Although it has been in existence since 1945, much of the group's expansion has happened on Anand Mahindra's watch. Armed with degrees in first, film from Harvard College and then a Harvard MBA, he started his career with the Mahindra Ugine Steel company. He took over as deputy chairman in 2003. He is a Renaissance man among Indian industrialists - academically brilliant, widely read, an accomplished writer, with an abiding interest in world affairs, photography, football and of course, movies - which he even knows how to make. And yet, he's down-to-earth enough to mingle with workers on the factory floor.

Until this year, the Mahindra group had no significant business interests in Singapore. But last year that changed.
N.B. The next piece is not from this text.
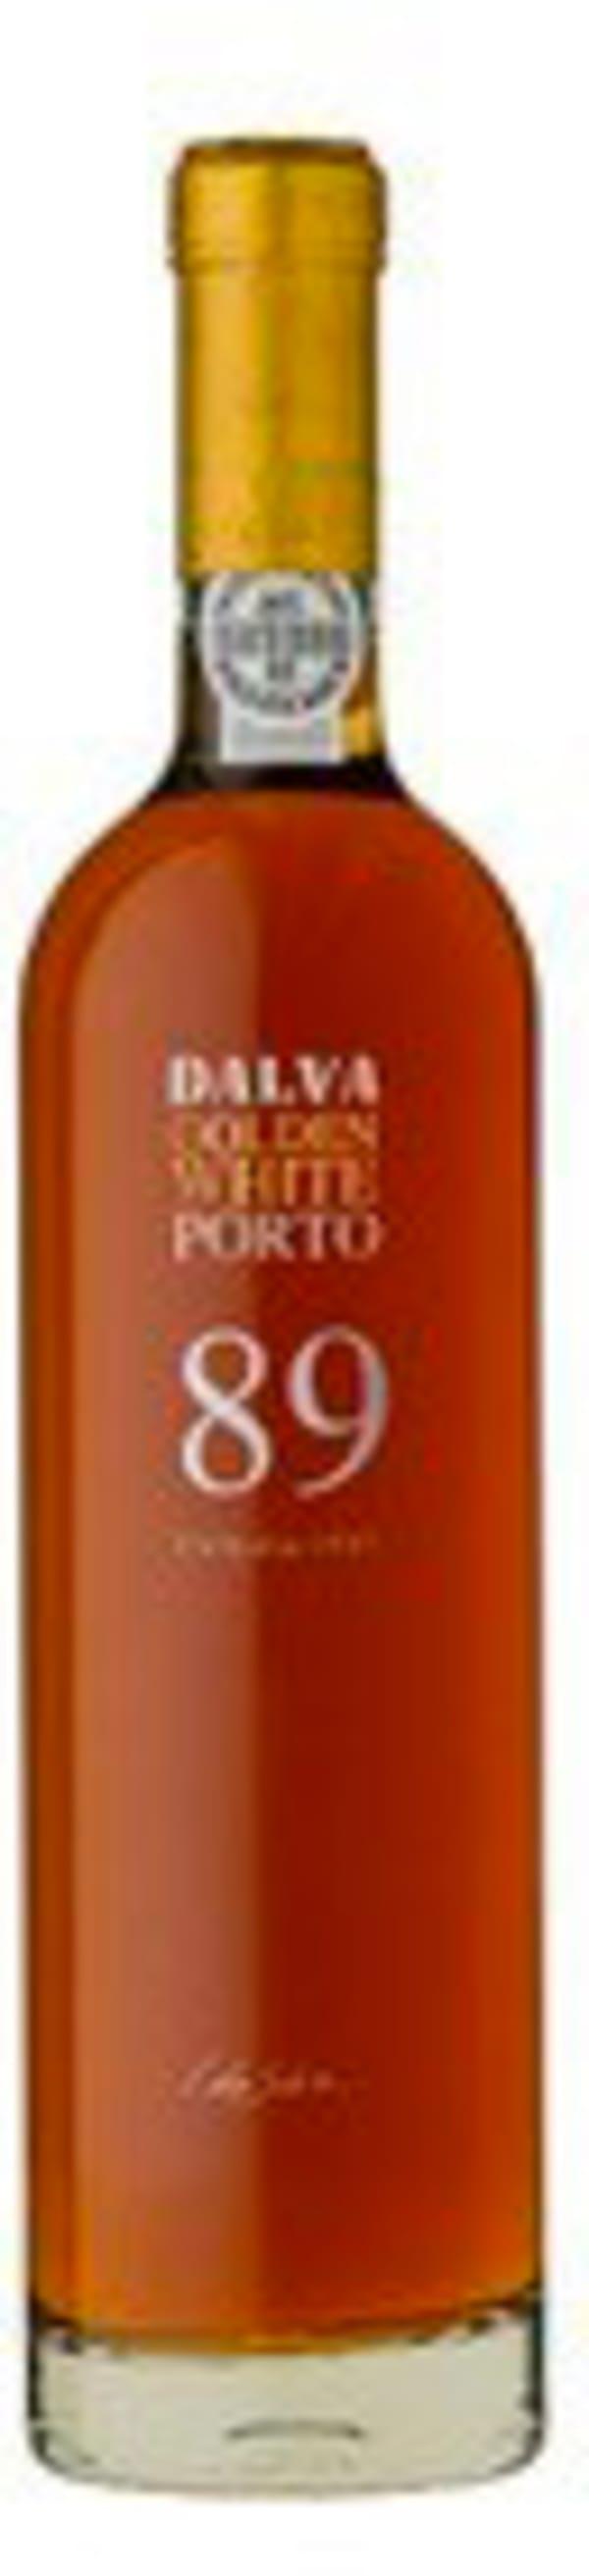 Dalva Golden White Port 1989

In January 2009, the founder and CEO of Satyam Computer Services, one of India's largest and best regarded IT services company, resigned amid a dramatic financial scandal. The company's share price collapsed and a rash of lawsuits ensued. Subsequently, several companies joined a bidding war to take over the beleaguered Satyam. The winner - which came as a surprise to many in the industry - was Tech Mahindra, a joint venture between the Mahindra group and British Telecoms, which paid US$354 million for a controlling interest. In June 2009, Satyam was re-branded Mahindra Satyam. The top management changed, but most of the staff remained, as did nearly all clients - including those in Singapore, where Satyam has had a presence since 2000.

A marriage made in heaven

Mr Mahindra describes the Satyam takeover as 'a marriage made in heaven'. 'Even though there was scepticism at first - we were seen as lightweights, which frankly worked to our advantage in the bidding - after that, everybody took the view that the Lego-type fit is clearly a winner,' he says.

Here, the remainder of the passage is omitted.